May
03
  1:11:33 AM

A lesson in swine flu bioethics

The jury is still out on whether the swine flu epidemic is really dangerous. According to the New York Times, the outbreak may be considerably smaller than authorities had first feared. Of about 900 suspected cases, about 400 people had the swine flu virus. Of these, just 17 have died: 16 in Mexico and one in the US. The disease also seems less virulent outside of Mexico, where it was first detected.

Nonetheless, thanks to air travel, it has spread with incredible rapidity and cases have been reported in about 20 countries -- a sobering reminder of how vulnerable the world is to a plague. Public health experts constantly remind us of the 1918-1919 flu epidemic. That killed 40 million people, including 550,000 in the US.

Just as earthquake aficionados speak of the "Big One" – the earthquake which will tip southern California into the Pacific, public health experts fear that a "Big One" will sweep across the planet. The author of the Gaia hypothesis – that earth is a self-regulating system – James Lovelock, says that sooner or later humanity will undergo a 90% cull. "The number of people remaining at the end of the century will probably be a billion or less," he told New Scientist earlier this year.

Epidemics present public health authorities with a number of tough ethical dilemmas. Here are some which have emerged in discussions in the media over the past few days:

Triage: will there be enough ventilators to help seriously ill patients breathe? If hospitals are inundated they may not have enough of these machines, or of qualified doctors and nurses to run them. In that case, it may be necessary to remove patients who won’t survive to save patients who probably will. And if two patients have an equal chance of survival, who should get the machine? The younger one? The one without a pre-existing medical condition?

Guidelines worked out last year in New York State recommend that decisions like these should be made by "triage officers" rather than doctors caring for the patients. Otherwise the stress could be corrosive. They also recommended excluding people who have had several heart attacks, who have metastatic cancer with a poor prognosis, who have end-stage organ failure or neurological conditions with high expected mortality.

Governments are capable of using public health as a smokescreen for repression. The Egyptian government, for instance, has ordered the destruction of the 300,000 pigs in the country. It did this even though no cases of swine flu have been reported, even though there is no proof that the disease is transmitted by pigs, and even though veterinary experts say that it makes no sense. But pig owners in the largely Muslim country are overwhelmingly Coptic Christians. According to the New York Times, they see this as just another expression of prejudice against Christians.
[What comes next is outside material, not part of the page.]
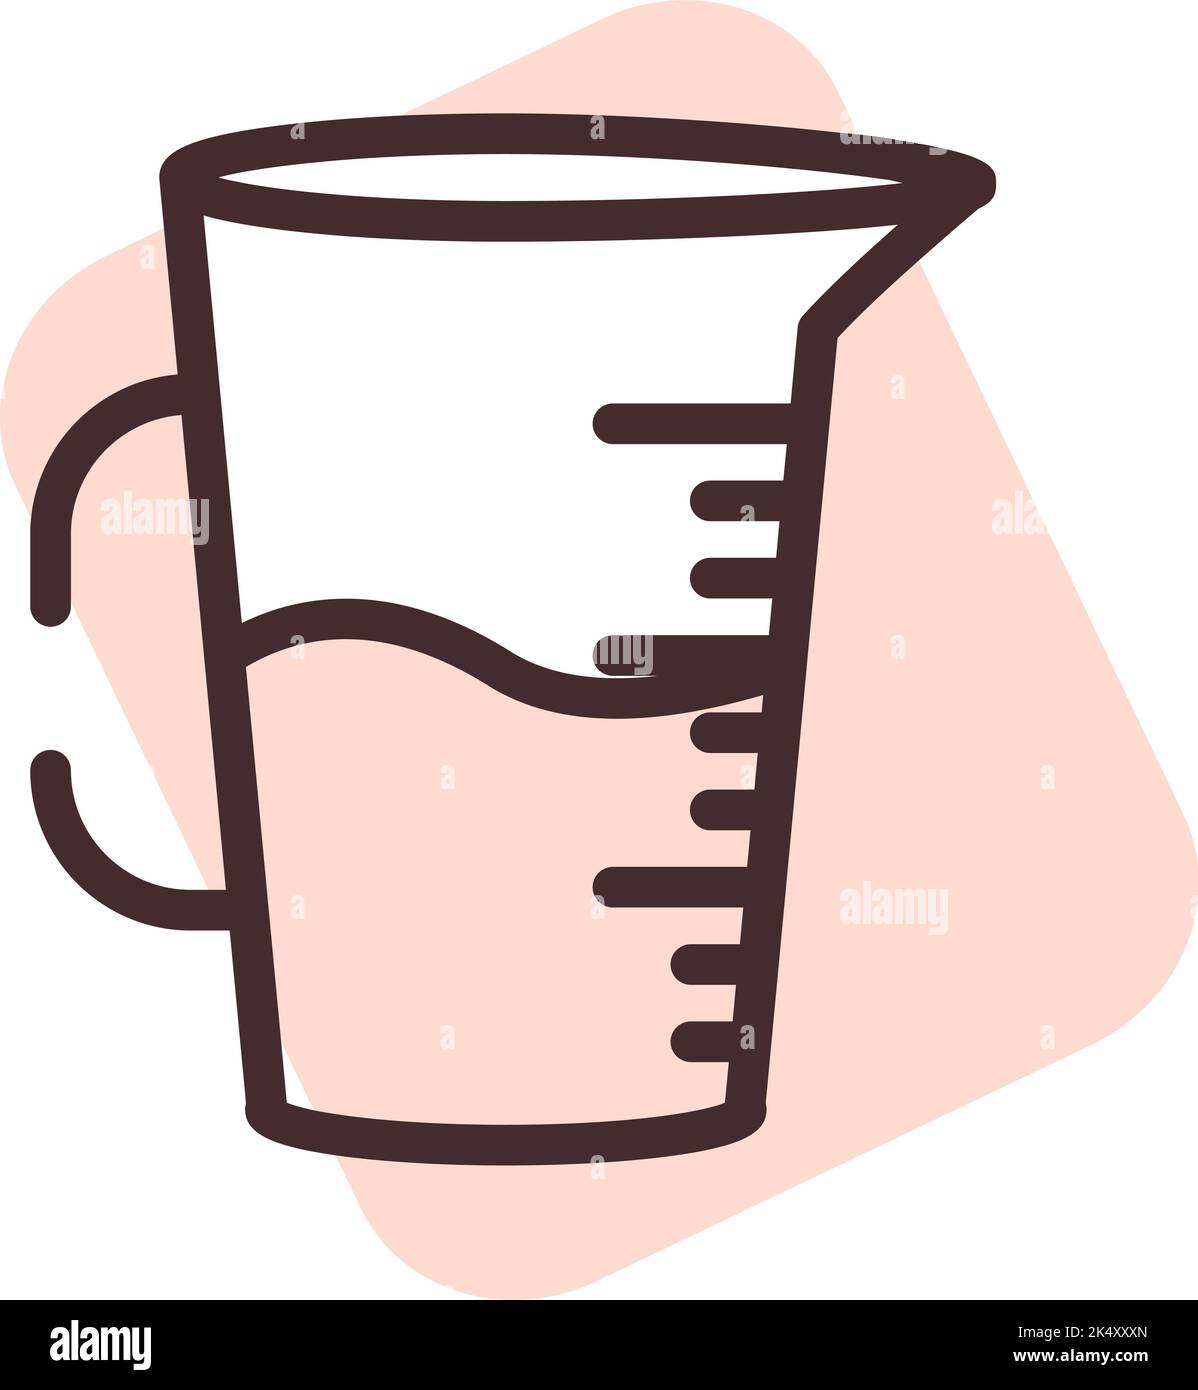 https://c8.alamy.com/comp/2K4XXXN/restaurant-measuring-cup-illustration-vector-on-a-white-background-2K4XXXN.jpg

The weightiest decision will be whether to forcibly isolate and quarantine suspected cases. When SARS struck Canada in 2003, most people with SARS-like symptoms took a public-spirited approach and voluntarily isolated themselves. But not all. During the 1918 epidemic, Americans tended to stay home rather than risk infecting others. But will a less conformist generation continue to be as cooperative?

At the moment, according to guidelines from the US Centers for Disease Control and Prevention, mandatory quarantine measures kick in only when the case fatality rate rises above 1%. But this means that a million people would have to die before public health authorities are given police powers.

Should healthcare workers be forced to care for patients? During the SARS epidemic in 2003, a number of healthcare workers were infected. The Italian doctor who identified the virus died. Do they have a right to withhold their services to protect their own lives and their own families?

How harshly should other measures be enforced? Should people be arrested or fined for not wearing masks, for not closing schools, or for not accepting social distancing measures? Governments will have to balance competing values – autonomy, civil liberties, transparency, due process and capacity to harm. There is a great danger of harsh and heavy-handed application of preventative measures by over-zealous bureaucracies. Remember Operation Clean Sweep in Outbreak, the 1994 Hollywood thriller about an Ebola-like virus? Gung-ho military types nearly obliterate an infected town to save America.

How much money should be spent on creating a flu vaccine? With limited manufacturing capacity, can the money be better spent on combatting the normal winter flu – which also kills people -– or in designing a new vaccine which might not work?

And – not the most pressing issue, to be sure -- what is the name of the disease? The Deputy Health Minister of Israel has announced that swine influenza A (H1N1) will be called "Mexico Flu" rather than swine flu as pigs are not kosher. Names are always a tough call...

Epidemics bring out the worst – and the best – in people. Just read Defoe’s A Journal of the Plague Year, his gripping account of 1665 London battling the bubonic plague. Our time to confront "the Big One" might not have arrived, but we need to prepare ethics as well as vaccines.